The available information about genes expressed in the Pa of vertebrates as mouse, chick, Xenopus, zebrafish and lamprey reveals the following scenario: Otp is suggested to be expressed in the Pa territory of all the vertebrates studied so far, Lhx5 seems to be expressed only in tetrapods, and Pax6 and Neurog2 seem to be an amniote acquisition (Frowein et al., 2002; Wullimann et al., 2005; Joly et al., 2007; Osório et al., 2010; Moreno and González, 2011; Moreno et al., 2012; Domínguez et al., 2013, 2015). Our present data in a shark representative of basal gnathostomes support the early acquisition of Otp and also reveal an acquisition of Neurog2, Pax6 and Lhx5 earlier than previously suggested.

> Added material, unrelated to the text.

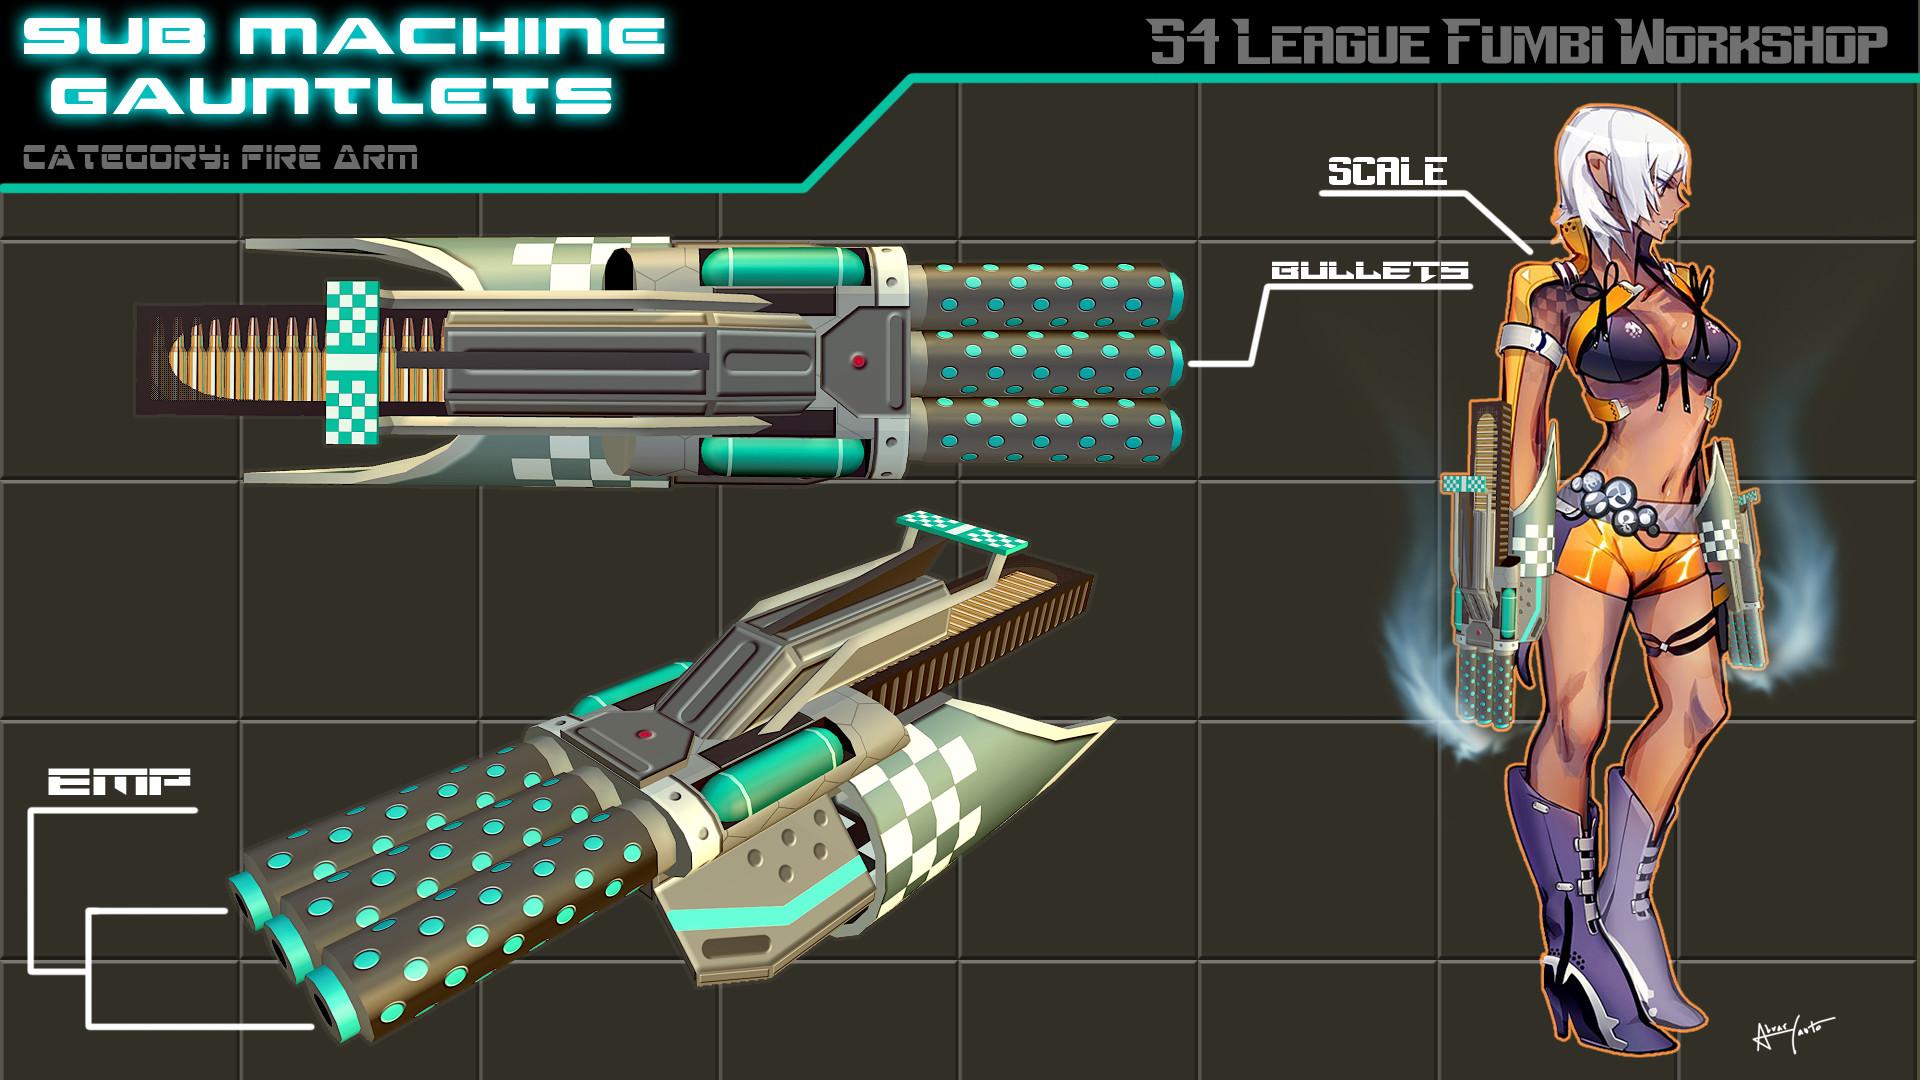 ArtStation - S4 League Sub Machine Gauntlets, Alvar Canto
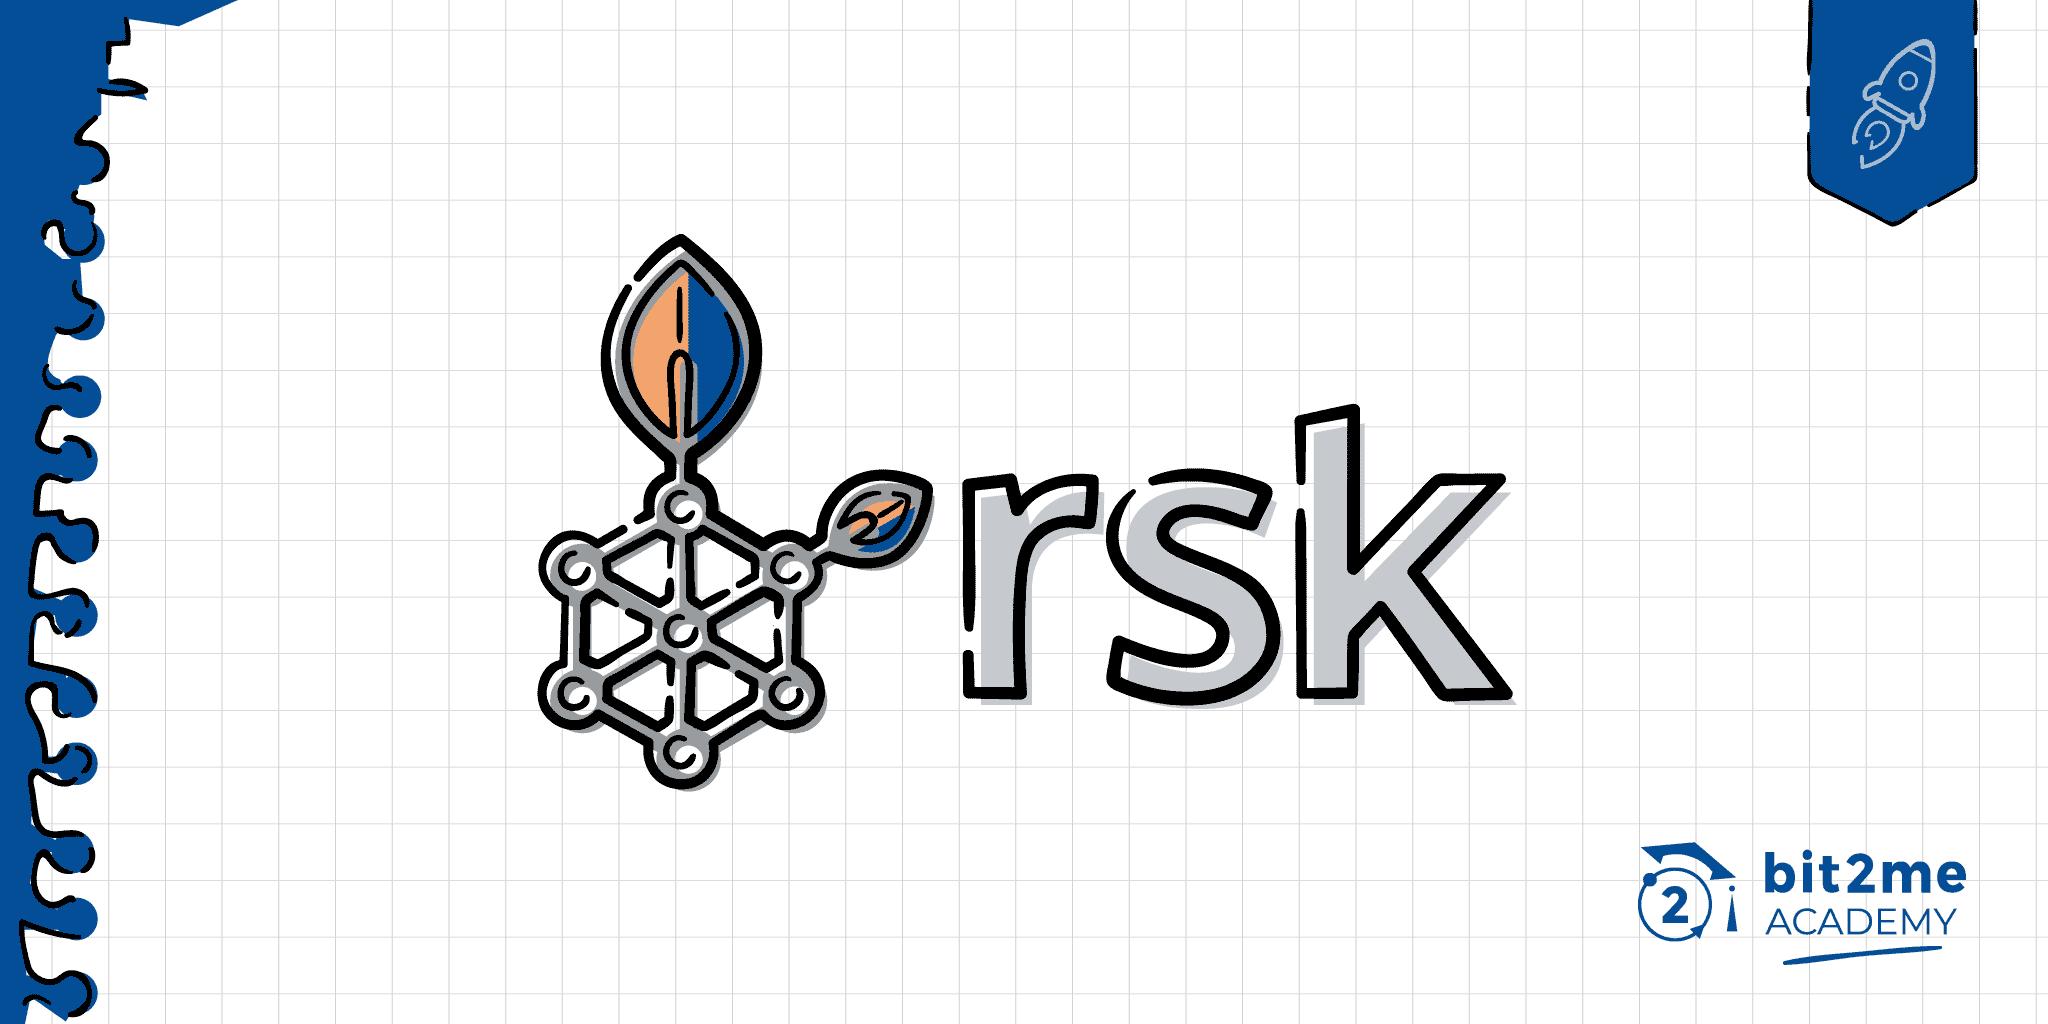 o que é porta-enxerto, o que é rsk, o que é rsk bitcoin

Our data clearly support that the expression of Lhx5 is present in early gnathostomes besides mammals (Shimogori et al., 2010), birds (Abellán et al., 2010), and amphibians (see “rostral supraoptoparaventricular area” in Domínguez et al., 2013, 2015). Moreover, Lhx5 expression has been also described in the alar hypothalamus of other fishes (see “preoptic supraoptoparaventricular area” in Manoli et al., 2014). However, its expression appears to be already present in agnathans since Lhx1/5 has been clearly described in the magnocellular preoptic nucleus of Petromyzon marinus (Osório et al., 2006) and Lampetra fluviatilis (see Figure 5B in Osorio et al., 2005). Taking together these observations, we interpret that, likely, Lhx5-like expression was early acquired in the Pa domain of vertebrates.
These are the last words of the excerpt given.